I am studying the discrete cosine transform (DCT) and JPEG compression technique. I do not know how to perform DCT for a 2-D image tensor and preserve only the most important coefficients?

I know that I can efficiently perform DCT by referencing https://github.com/zh217/torch-dct, here is an example:

```
import torch
import torch_dct as dct
x = torch.randn(8, 8)
x_dct = dct.dct_2d(x)
x_rec = dct.idct_2d(x_dct)
print(torch.abs(x - x_rec).mean()) # x == y within numerical tolerance
```

However, I want to preserve only the most important DCT coefficients at the upper left corner. In other words, how can I generate a Zig-Zag binary mask for a given image size and coefficient amount?

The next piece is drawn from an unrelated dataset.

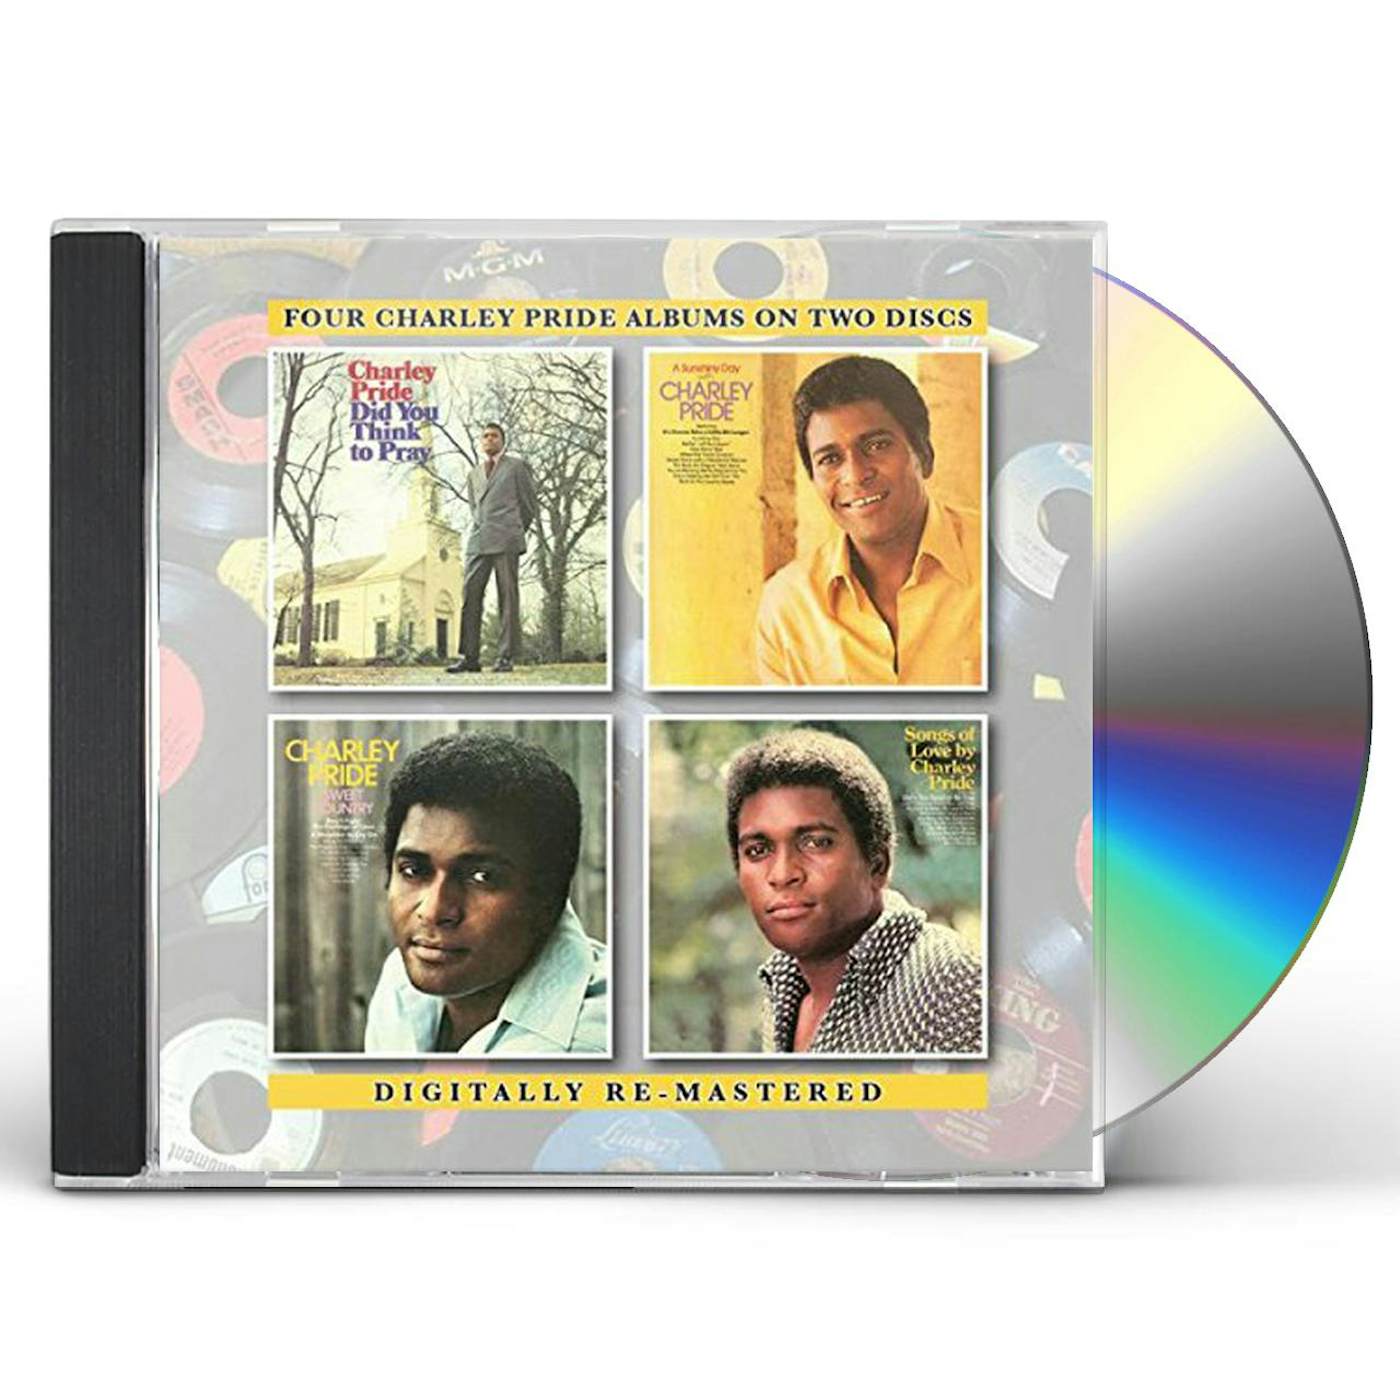 Charley Pride DID YOU THINK TO PRAY /SUNSHINY DAY WITH CHARLEY CD

The following function is what I want:

```
>>> f(h=3, w=3, q=1)
[[1, 0, 0],
[0, 0, 0],
[0, 0, 0]]
>>> f(h=3, w=3, q=2)
[[1, 1, 0],
[0, 0, 0],
[0, 0, 0]]
>>> f(h=3, w=3, q=5)
[[1, 1, 0],
[1, 1, 0],
[1, 0, 0]]
>>> f(h=4, w=4, q=10)
[[1, 1, 1, 1],
[1, 1, 1, 0],
[1, 1, 0, 0],
[1, 0, 0, 0]]
```

(I will use it for a batch of image with the shape of `[b, c, h, w]`

.)

How can I implement the above function in an efficient form by using PyTorch? Or can I obtain a similar efficient function in another way?

**P.S.** I know I can implement the above function by some for-loops, but the obtained function may be too inefficient for me. Since I want to generate multiple masks in each network forwarding process, a real-time fast function implementation is appealing for me.